But there are so many interesting new books this month that
I'm going to do my best to run through every one of them
quickly.
First, our Main Selections. In Liberty and Tyranny,
conservative favorite Mark Levin (Men in Black, Rescuing
Sprite) gives us a rousing defense of liberty and
responsibility at a time when they most definitely need
defending (I won't even start, here, on the latest round of
"stimulus," "bailout" and "rescue" bills that are fast
turning this country into the Nanny State of America; if I
do, I won’t be able to stop).
And in Green Hell: How Environmentalists Plan to Ruin
Your Life and What You Can Do to Stop Them, we're offering
a book on a topic of perennial interest to our members: the
environmentalists' campaign to end "global warming" -- now
rebranded as "climate change" by environmentalists who got
tired of the horse laughs that greeted their fear-mongering
whenever it coincided with unusually cold weather (and
besides, they wanted to make people think that hurricanes
and other natural disasters were being caused by gas-
guzzling SUVs).
We've offered a number of books about global warming.
But Green Hell is something different. It looks not at the
evidence for and against manmade climate -- the greens'
justification for their power grab -- but at what exactly
they plan to do with the power if and when they get it.
Many of us suspect that environmentalists would want
to downsize the economy, stifle industry, make travel more
onerous, and generally exercise an enormous amount of
control over everyone (else)'s lives even if the "warming"

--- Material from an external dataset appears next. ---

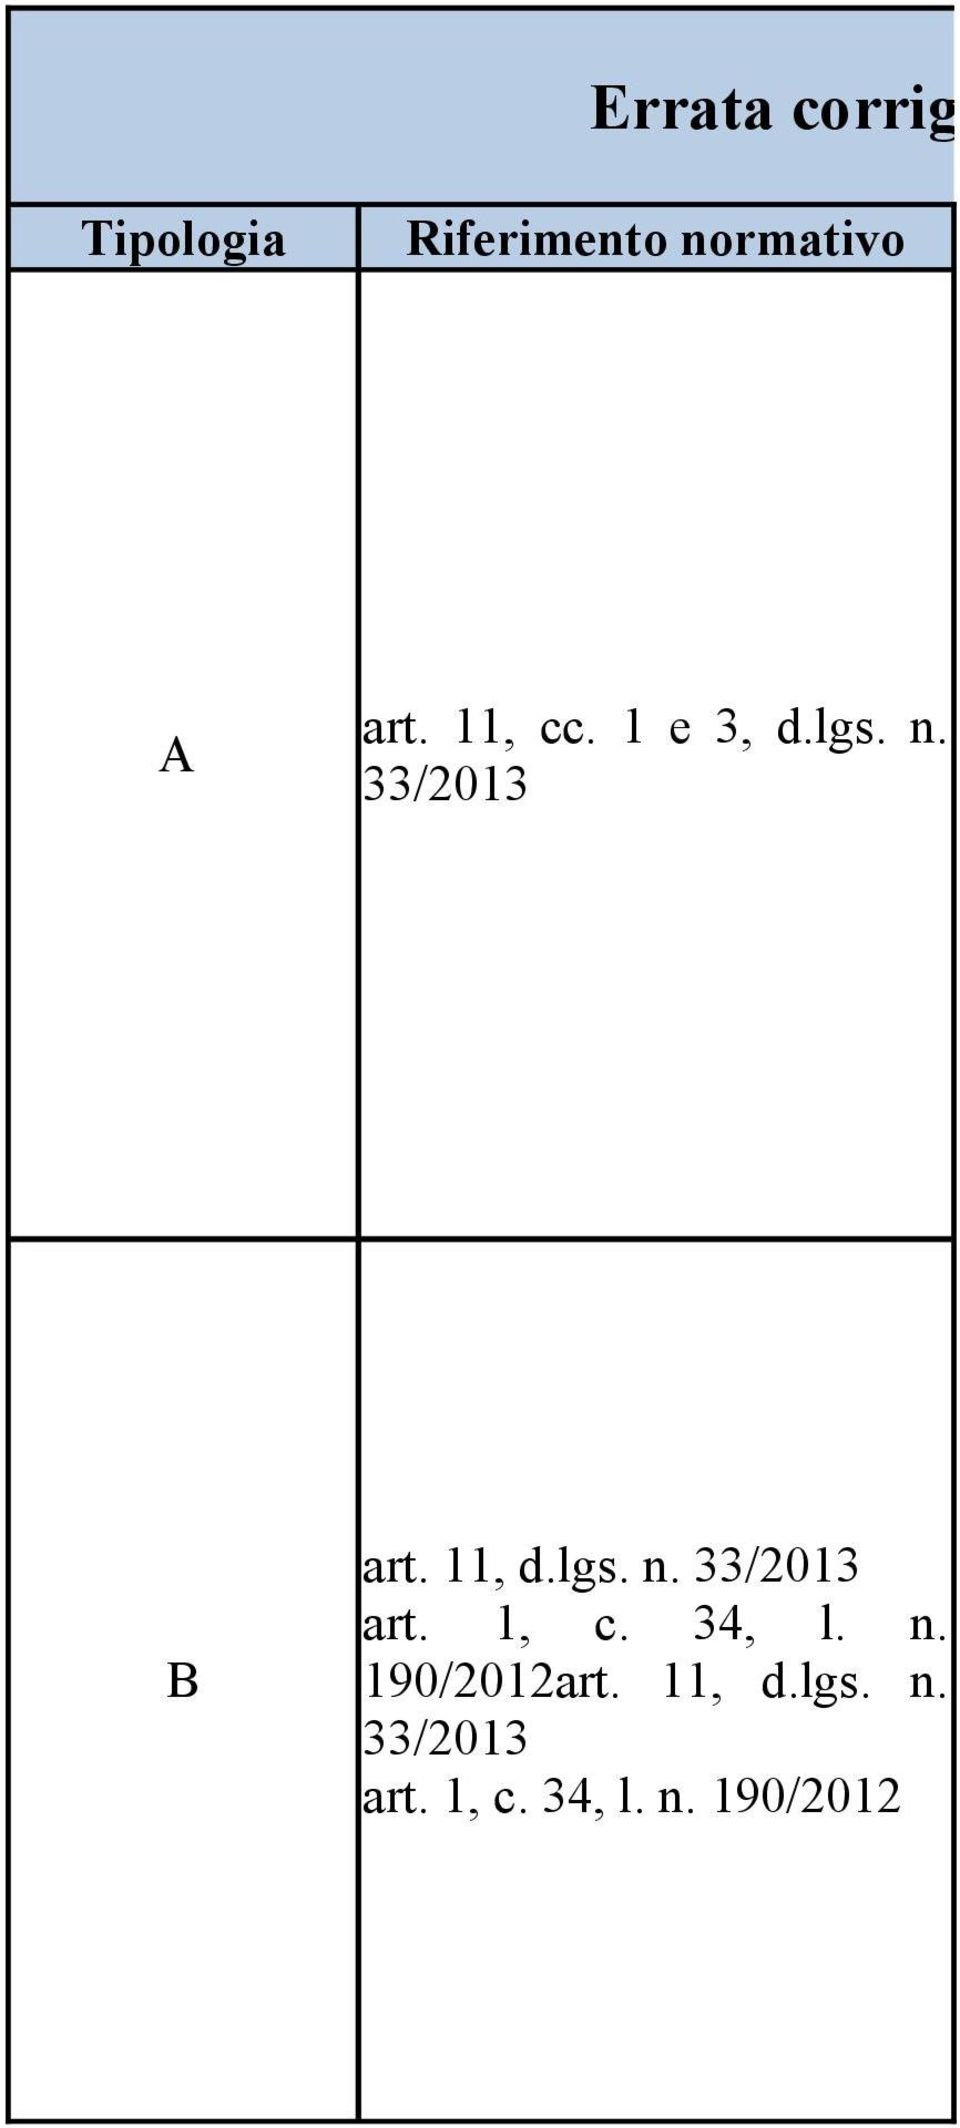 (settembre 2013) Riferimento normativo A art. 11, cc. 1 e 3, d.lgs. n. B art.

threat had never been thought of. It's been argued that
some of the greens are really "watermelons" -- green on the
outside but red inside; when Marxism was discredited, a lot
of the energy that used to go into planning a socialist
utopia has been redirected into planning an
environmentalist one. If you don't want a government
bureaucrat remote-controlling the thermostat in your house,
you may want to make yourself aware of these plans before
it's too late to stop them.
In Blood & Rage, Michael Burleigh gives us
the benefits of his erudition in a review of terrorism from
the nineteenth-century anarchists and nihilists up to our
present crisis. Inside the Revolution: How the Followers of
Jihad, Jefferson, and Jesus Are Battling to Dominate the
Middle East and Transform the World reports
startling developments in the Middle East, including a wave
of conversions to Christianity in Iran.
Joe the Plumber expatiates on the
quintessentially American viewpoint whose initial public
expression caused Obama to stumble briefly on the road to
his late coronation. In One Party Classroom, David
Horowitz documents the fraud leftist professors are
perpetrating on their students, the parents who pay the
tuition, and the public at large. In 30 Ways in 30 Days to Save Your Family
, Rebecca Hagelin offers useful
tips for raising children in an increasingly barbaric
culture. The Great Books: A Journey Throuhg 2,500 Years of the West's Classic Literature is a useful
introduction to what neither college professors nor popular
culture offers any more: the genuine culture of the West.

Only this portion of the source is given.